4pPP7. Stimulus-oriented model for the discrimination of Gaussian noise samples.

Martin E. Rickert

Donald E. Robinson

Dept. of Psychol., Indiana Univ., Bloomington, IN 47405

Consider a two-interval same-different task in which listeners are asked to discriminate between trials on which a sample of noise is presented twice and trials on which two different samples are presented. Previous research has used this method to determine the effects of a wide range of stimulus conditions including temporal location of an uncorrelated segment, duration, bandwidth, correlation, and overall level [T. E. Hanna, Percept.
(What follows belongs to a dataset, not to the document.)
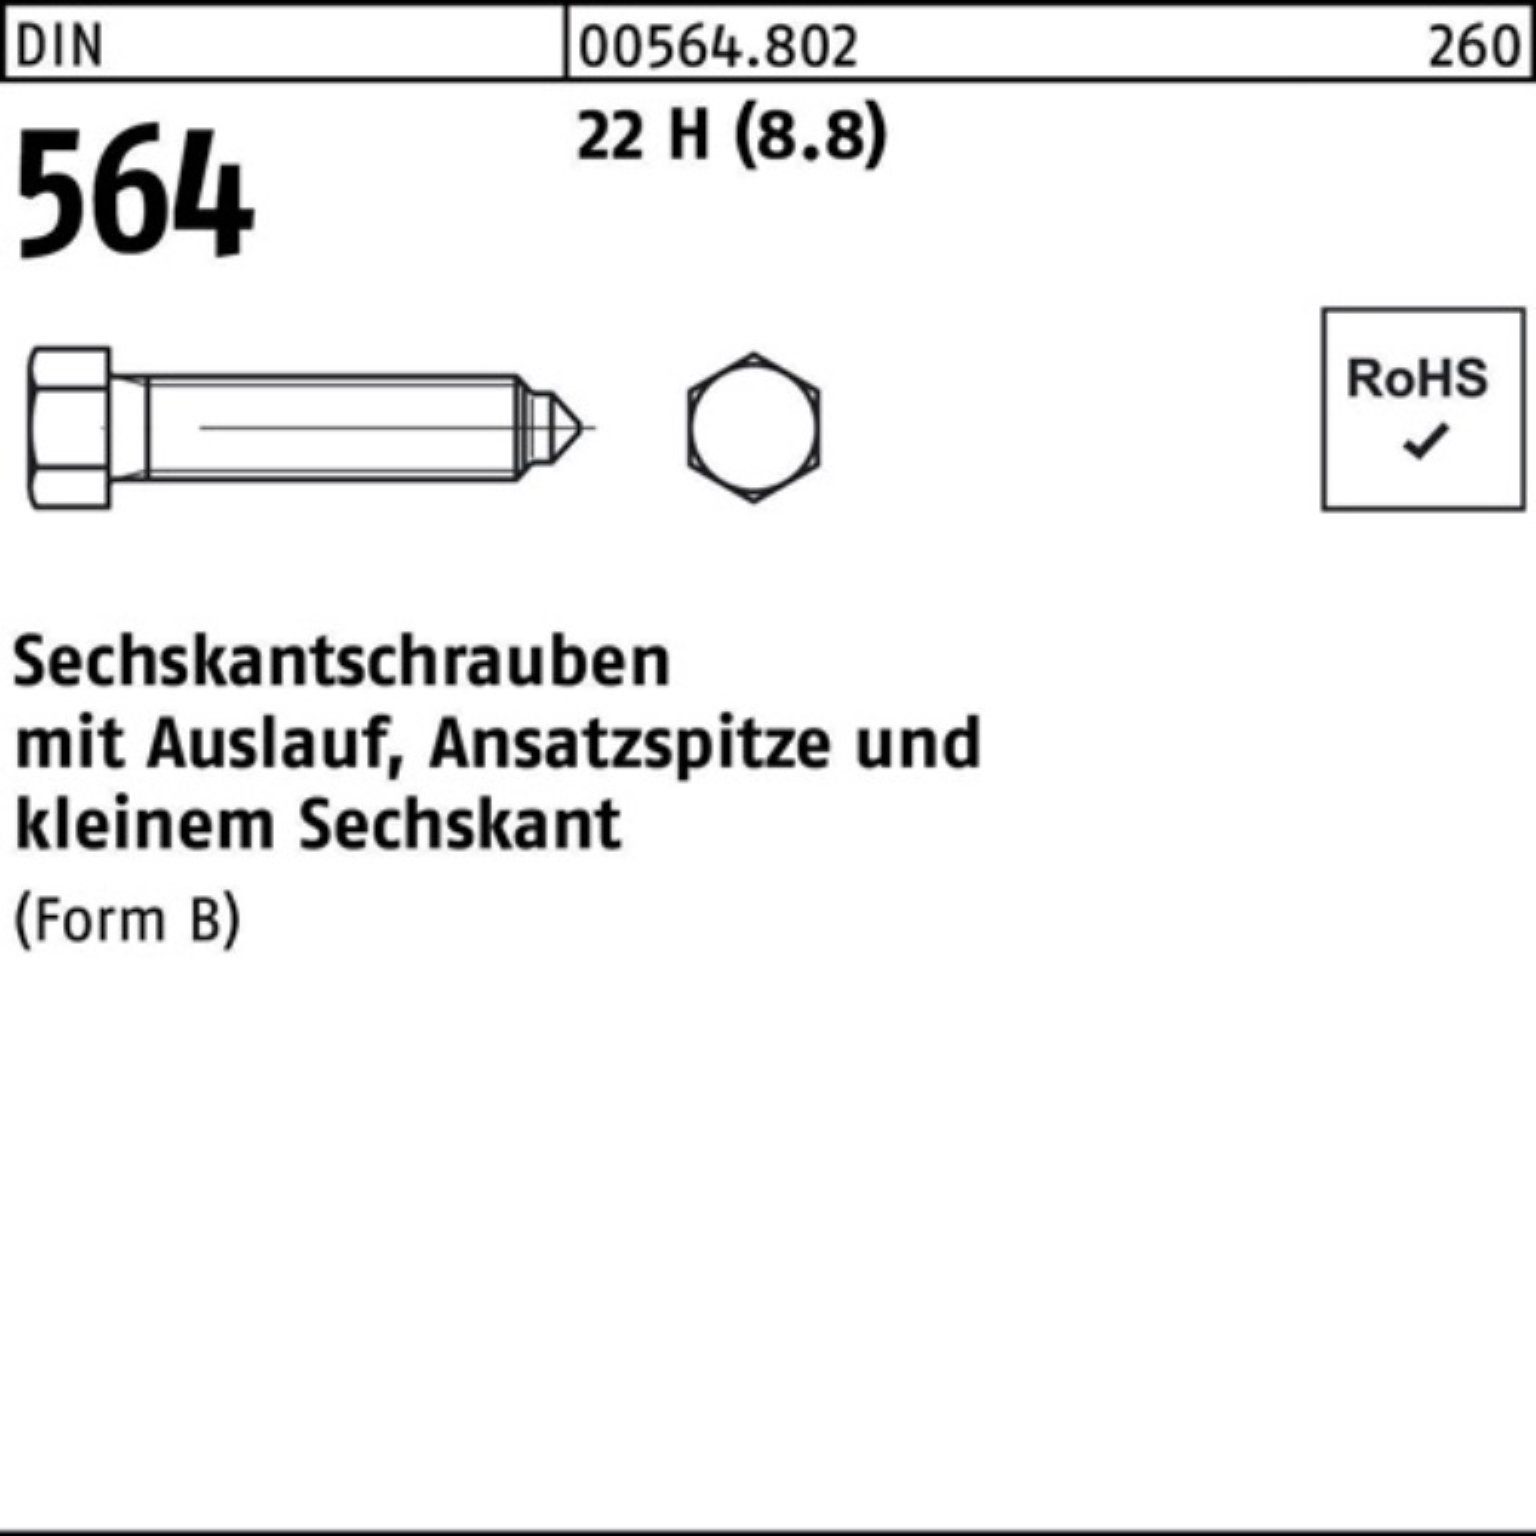 DIN Pack 22 Reyher 40 BM Sechskantschraube Ansatzspitze/Auslauf 10x 100er Sechskantschraube 564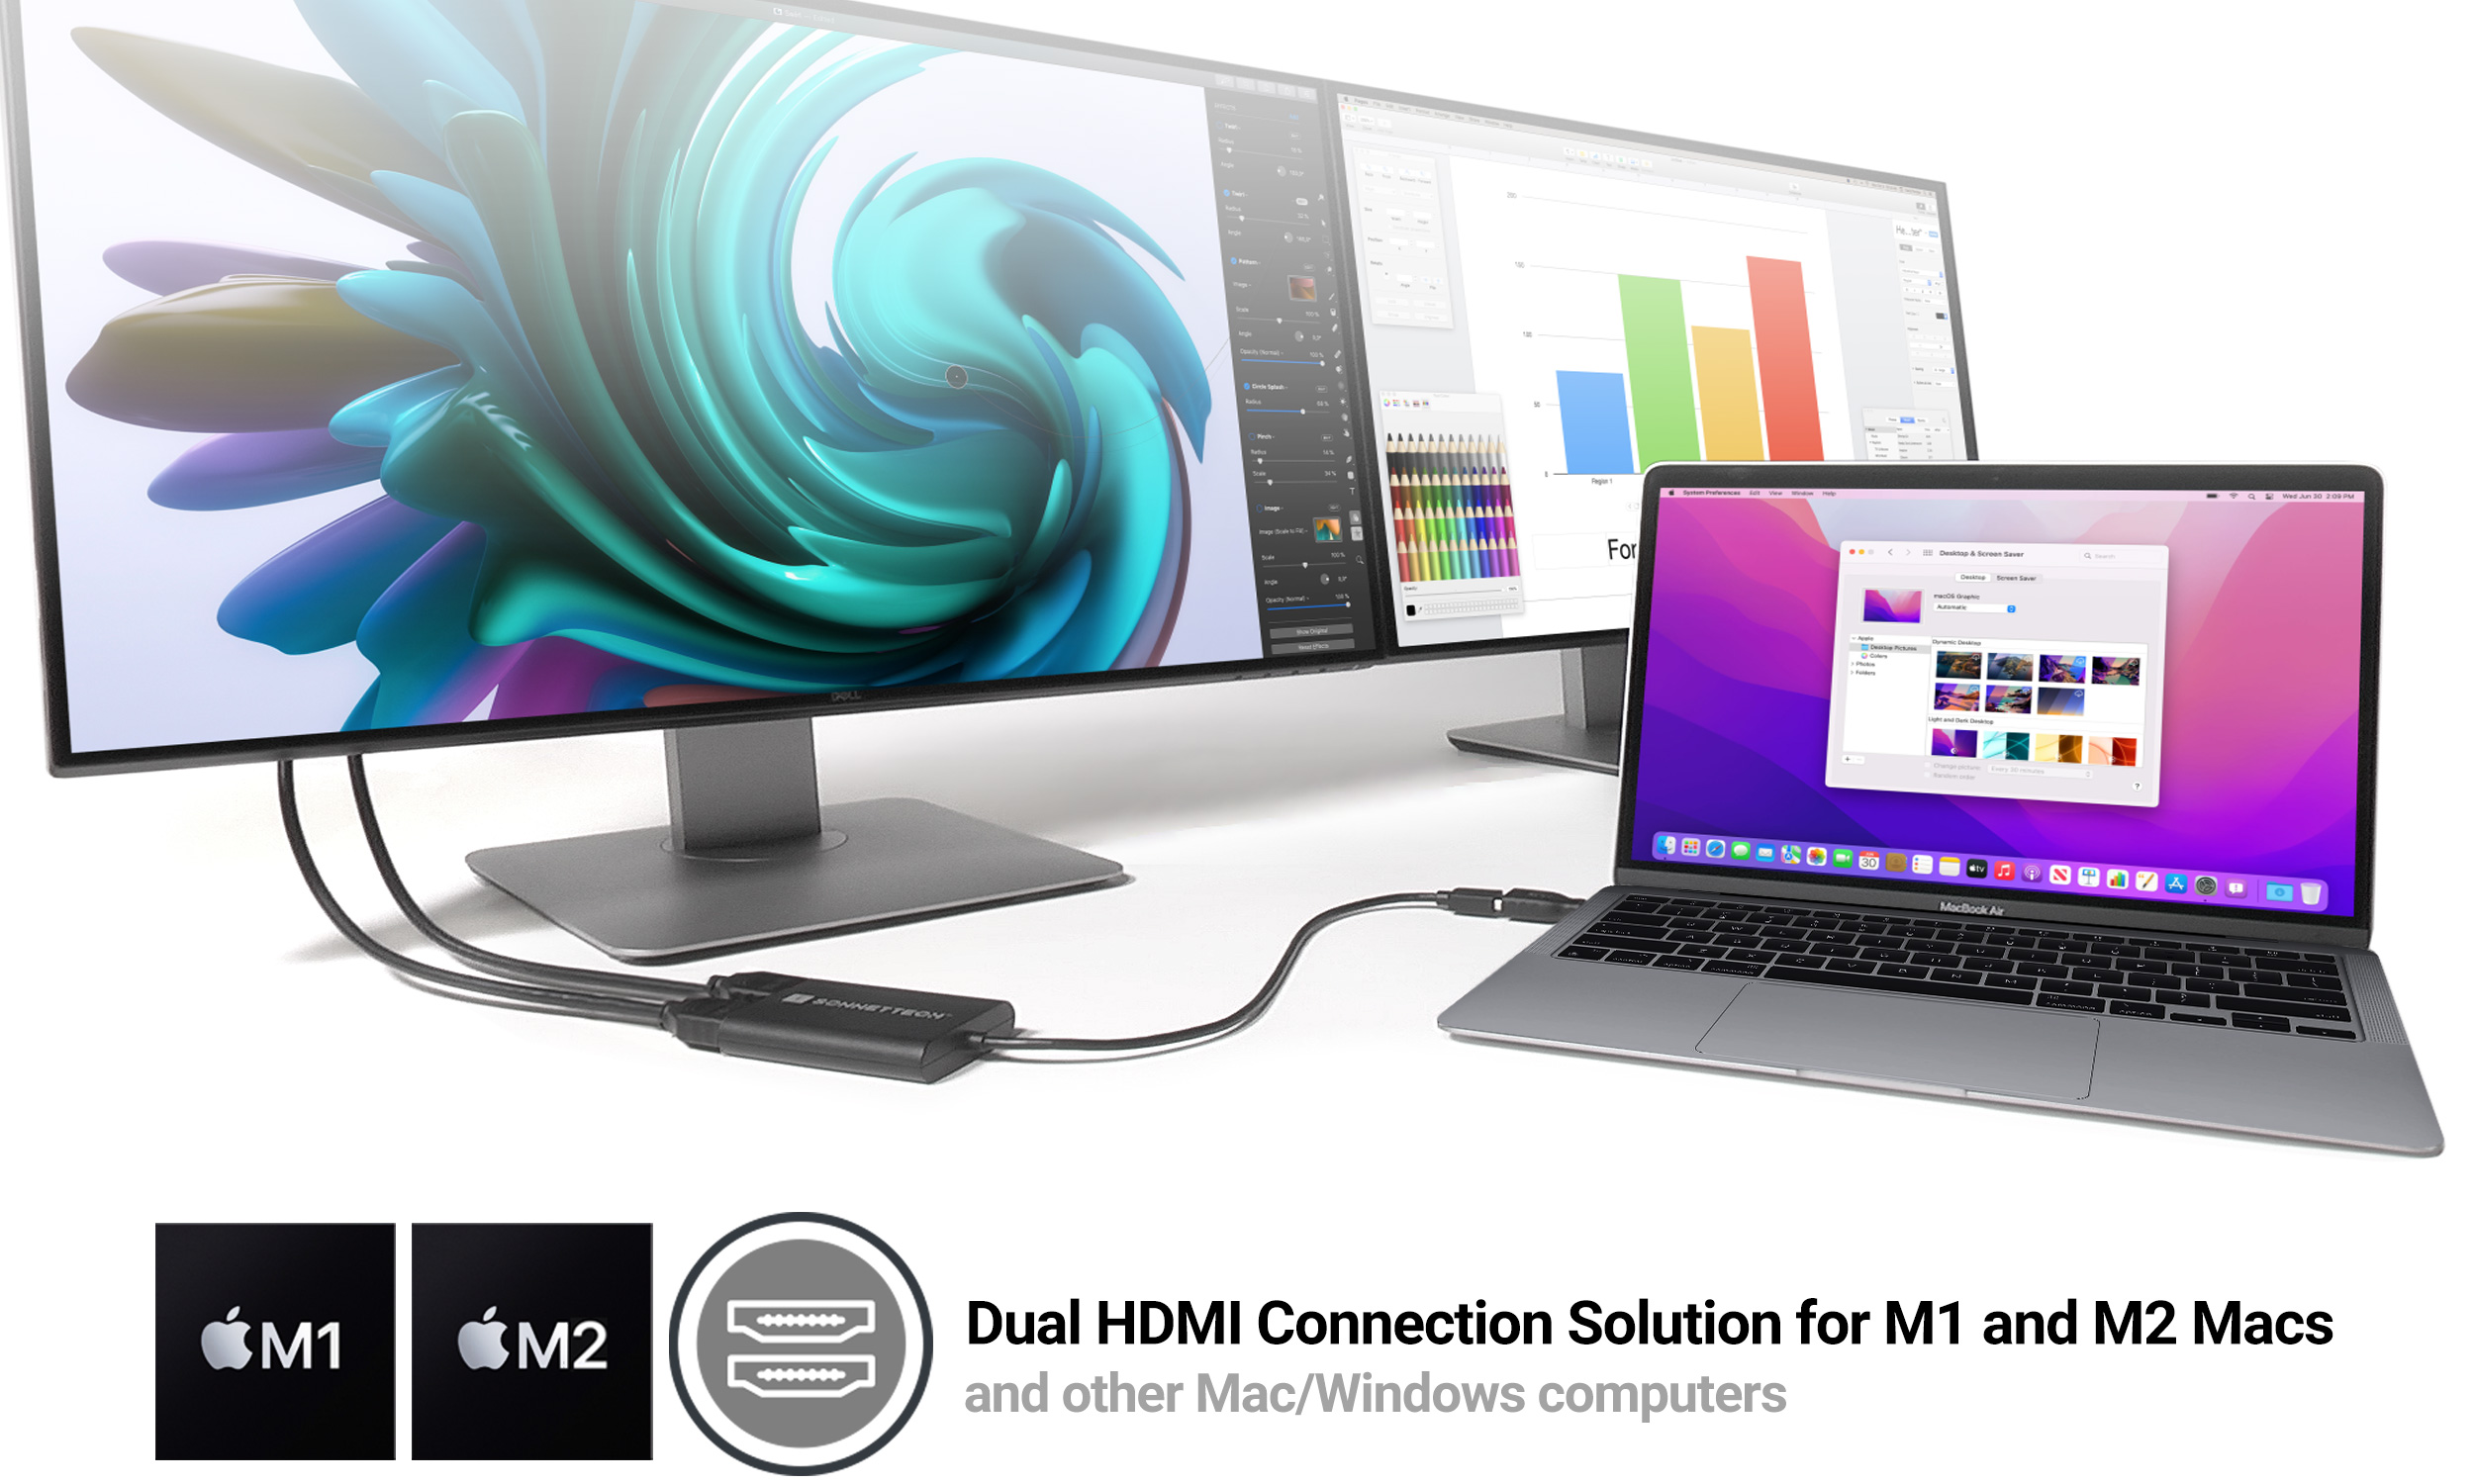 Gendanne skridtlængde Medic DisplayLink Dual HDMI Adapter for M1 and M2 Macs - SONNETTECH

Psychophys. 36, 409--416 (1984); S. F. Fallon and D. E. Robinson, J. Acoust. Soc. Am. 92, 2630--2635 (1992)]. The data indicate that discriminability is best when changes occur at the end of the sample and that the ratio of the duration of the target segment to the total duration is independent of overall duration. In this paper, a stimulus-oriented model for discriminating samples of Gaussian noise is developed. The model is a derivative of the equalization--cancellation theory of binaural masking level differences [N. I. Durlach, J. Acoust. Soc. Am. 35, 1206--1218 (1963)] and of Jeffress' models of monaural masking [L. A. Jeffress, J. Acoust. Soc. Am. 44, 187--203 (1968)]. This approach begins with a cancellation stage in which the waveforms from the two intervals are jittered in amplitude of differenced. Then, the power of the difference waveform is approximated in a manner similar to Jeffress' leaky integration. Predictions of the model will be compared to the data of Fallon et al. [Work supported by AFOSR.]